# Data to process
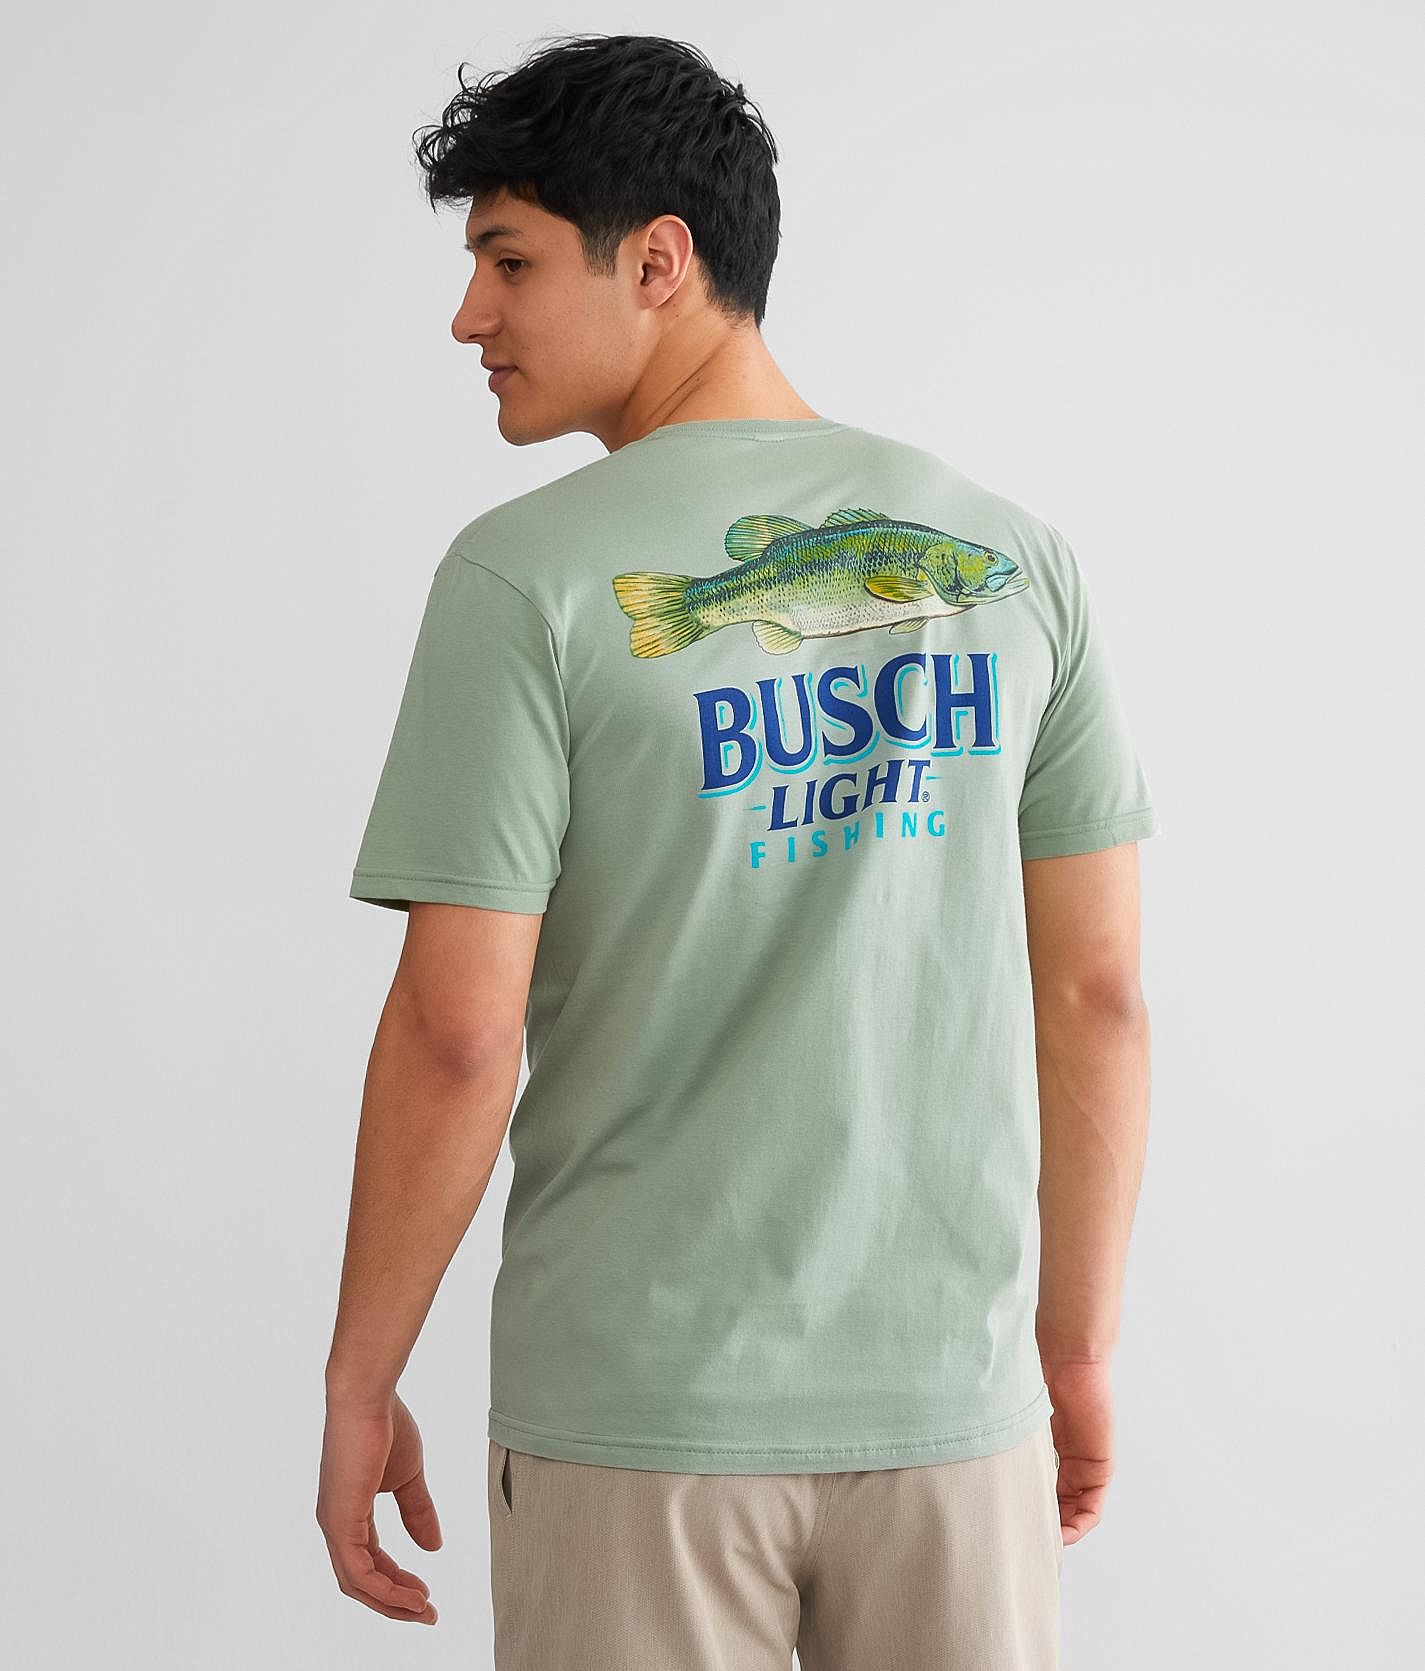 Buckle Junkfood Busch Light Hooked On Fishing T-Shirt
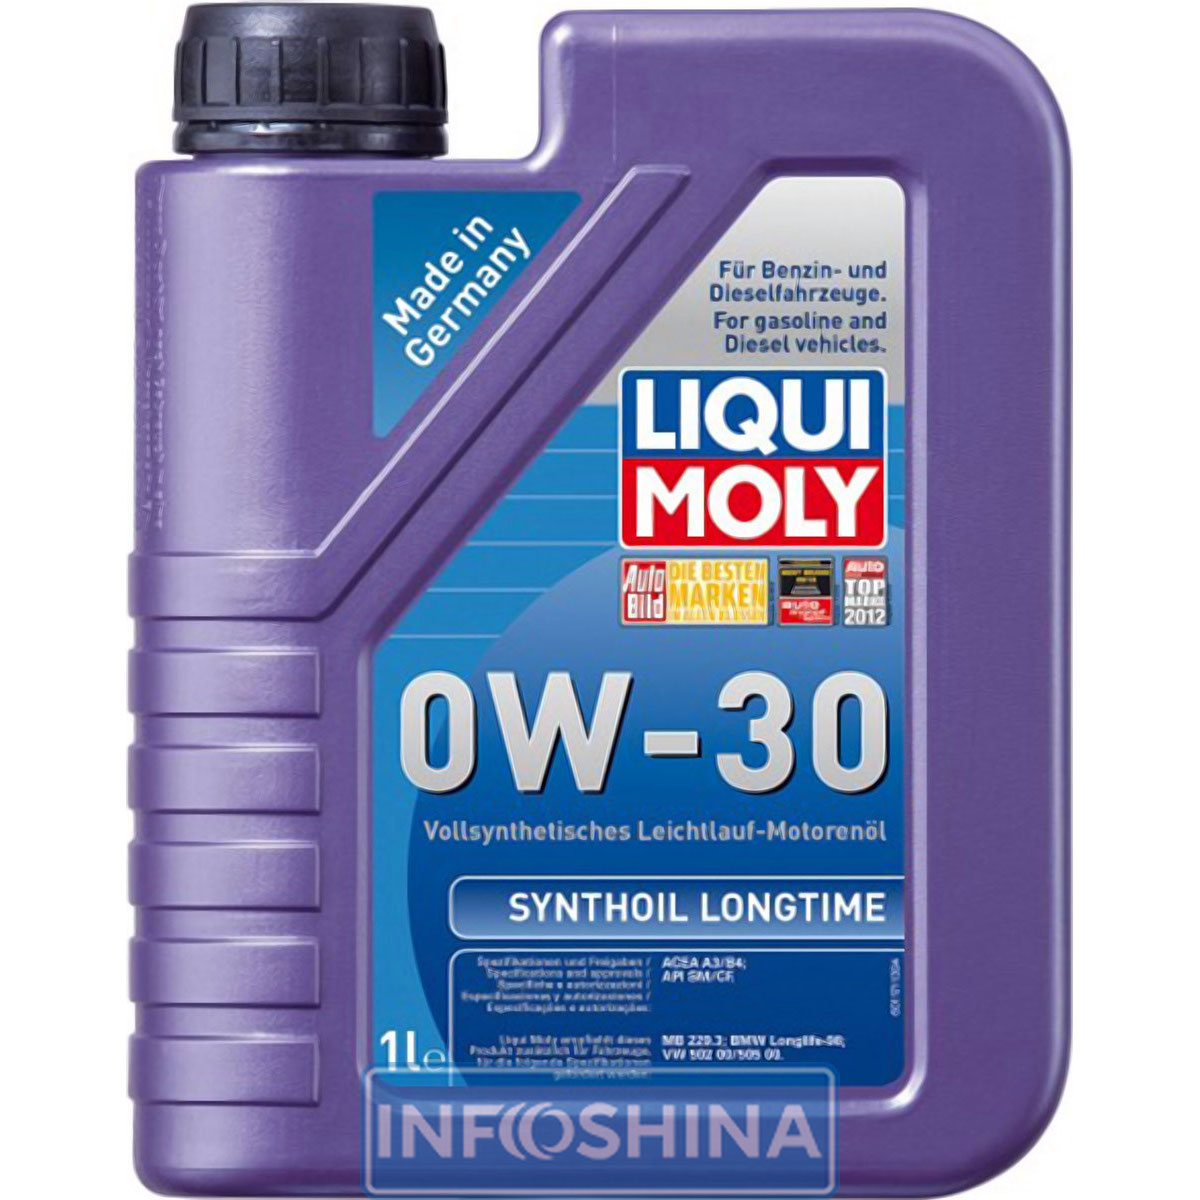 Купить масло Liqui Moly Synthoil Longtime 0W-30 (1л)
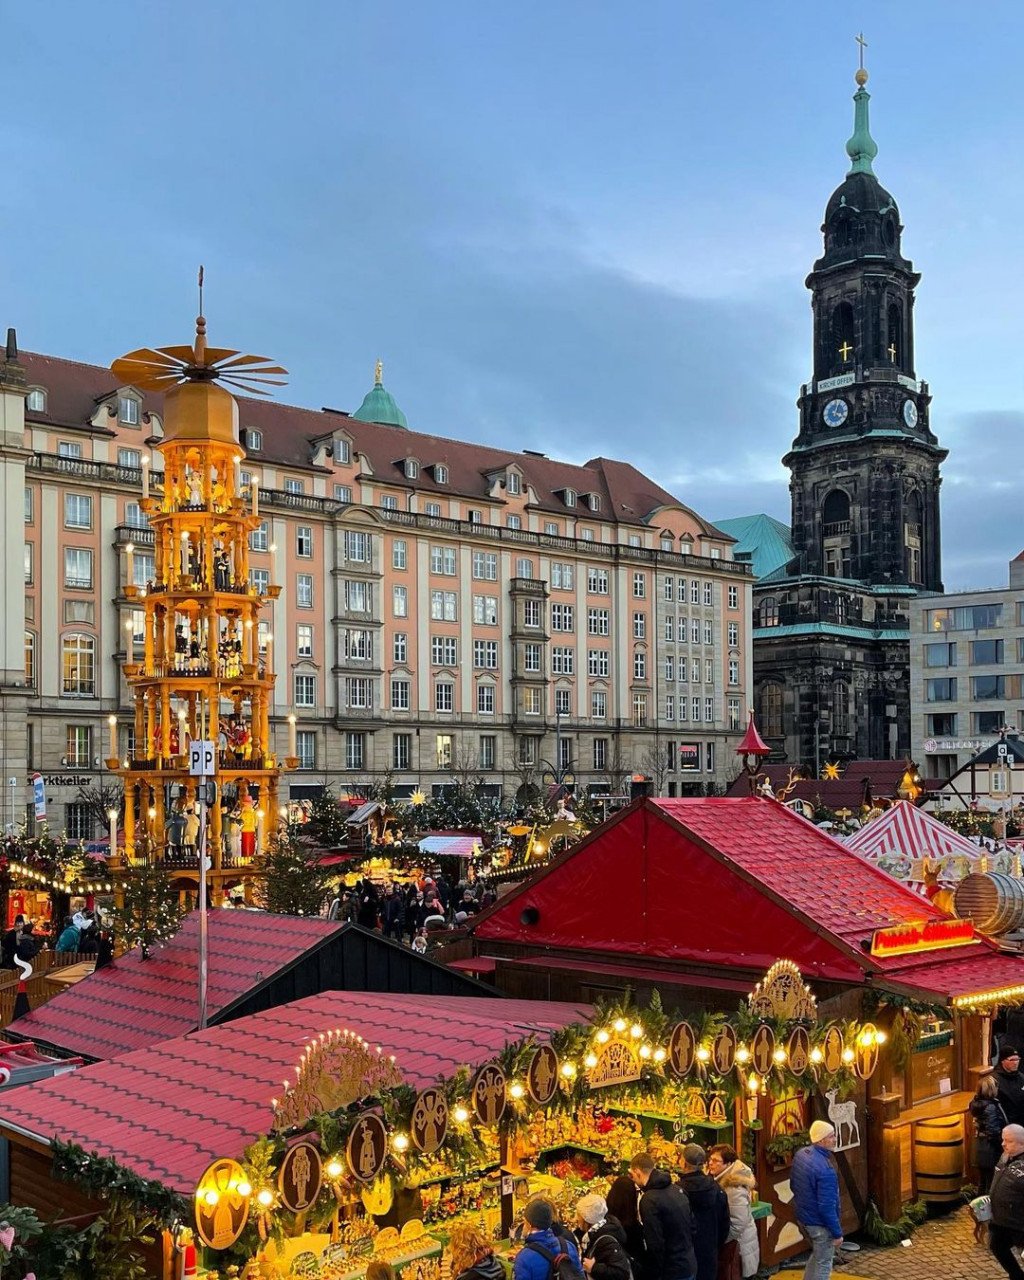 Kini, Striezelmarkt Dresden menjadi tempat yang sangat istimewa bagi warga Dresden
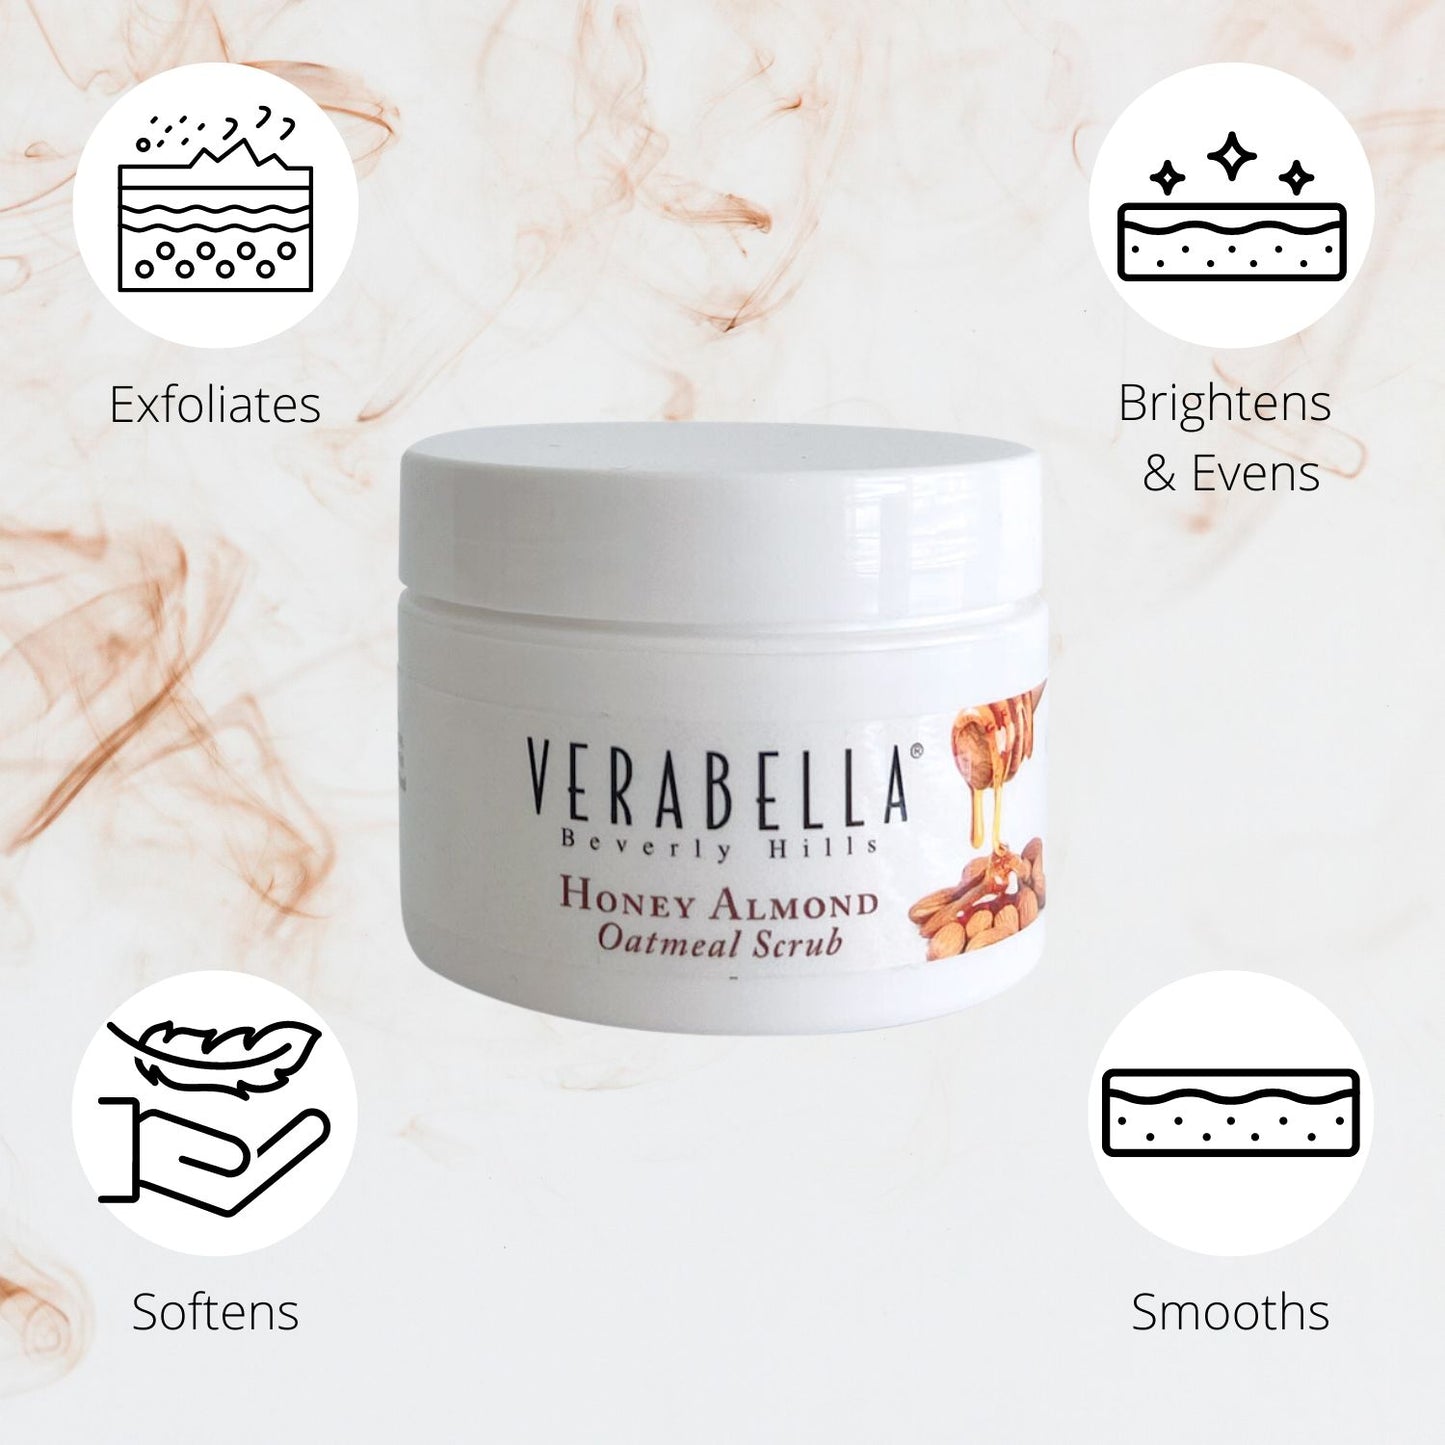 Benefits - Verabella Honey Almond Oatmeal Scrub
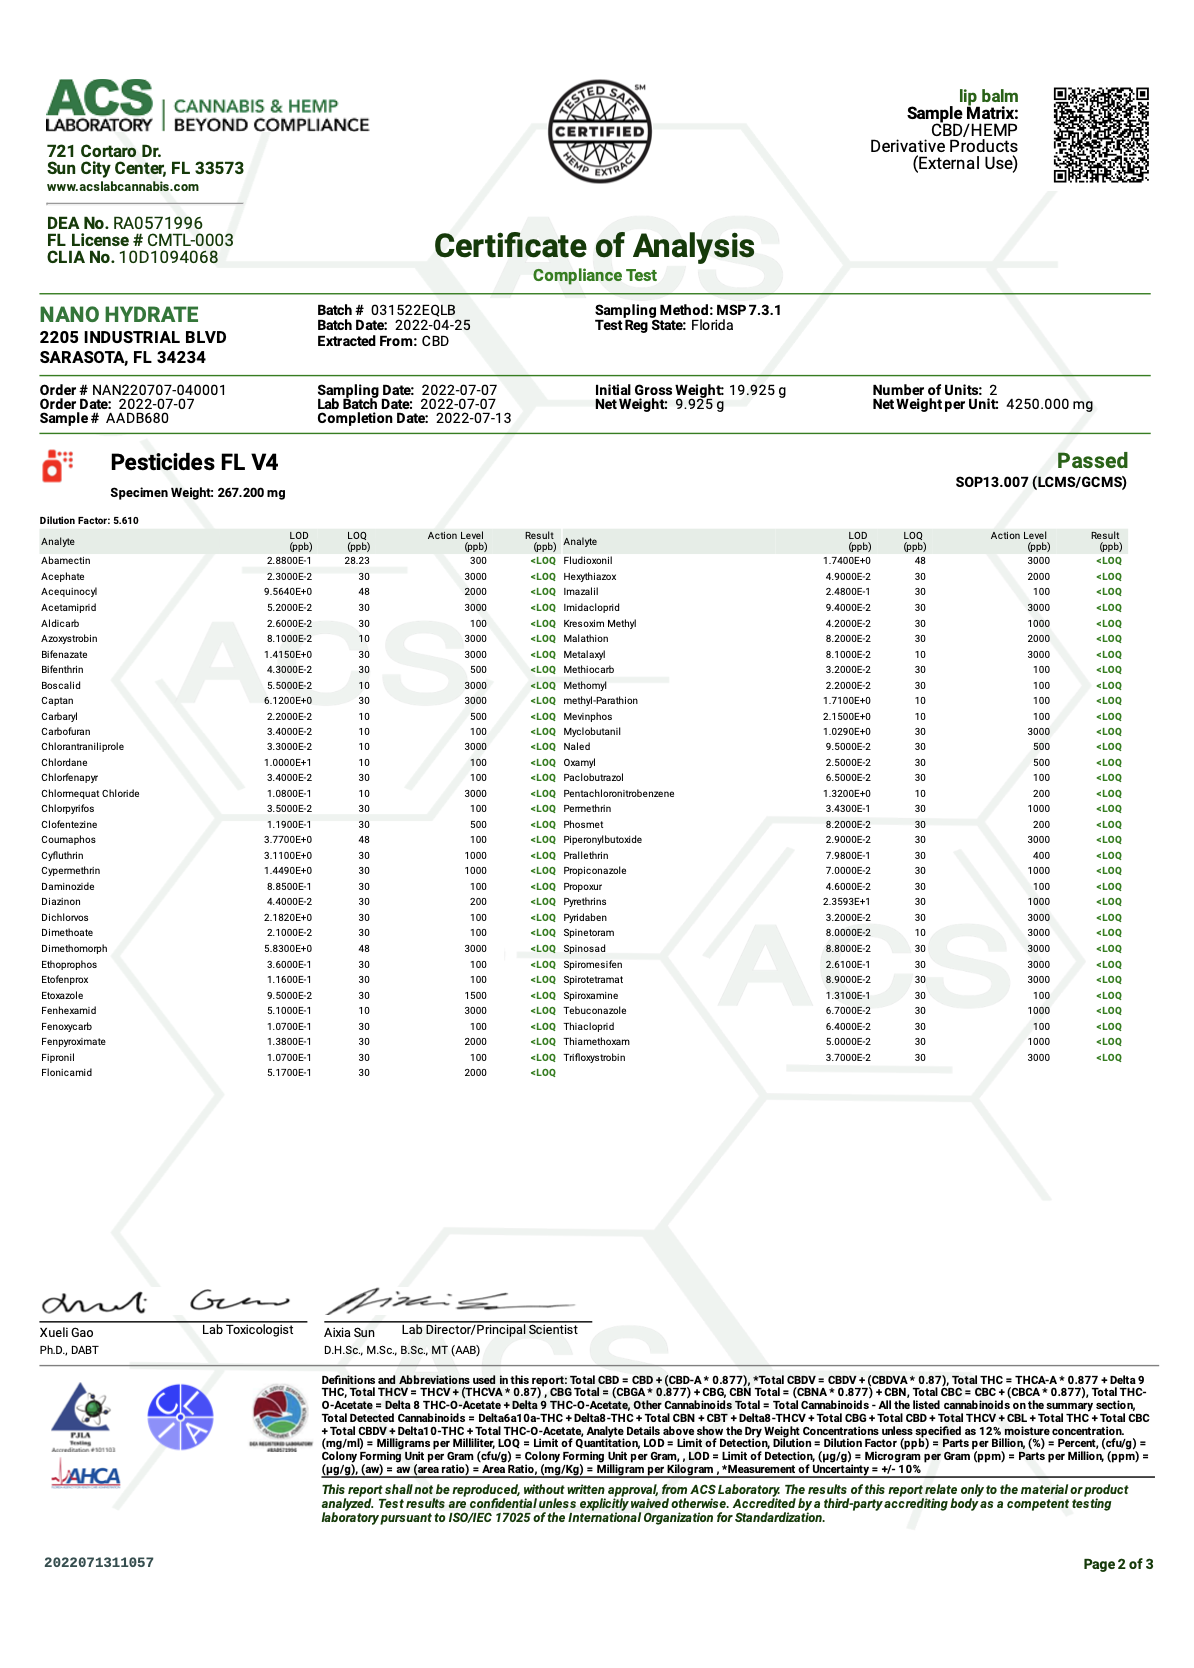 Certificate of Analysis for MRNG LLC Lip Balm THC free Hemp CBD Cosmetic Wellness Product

# Exercise requirements
From the first record to the last, print everything again exactly, without pictures.

# Task solution
 Buckle Junkfood Busch Light Hooked On Fishing T-Shirt
 Купить масло Liqui Moly Synthoil Longtime 0W-30 (1л)
 Kini, Striezelmarkt Dresden menjadi tempat yang sangat istimewa bagi warga Dresden
 Benefits - Verabella Honey Almond Oatmeal Scrub
 Certificate of Analysis for MRNG LLC Lip Balm THC free Hemp CBD Cosmetic Wellness Product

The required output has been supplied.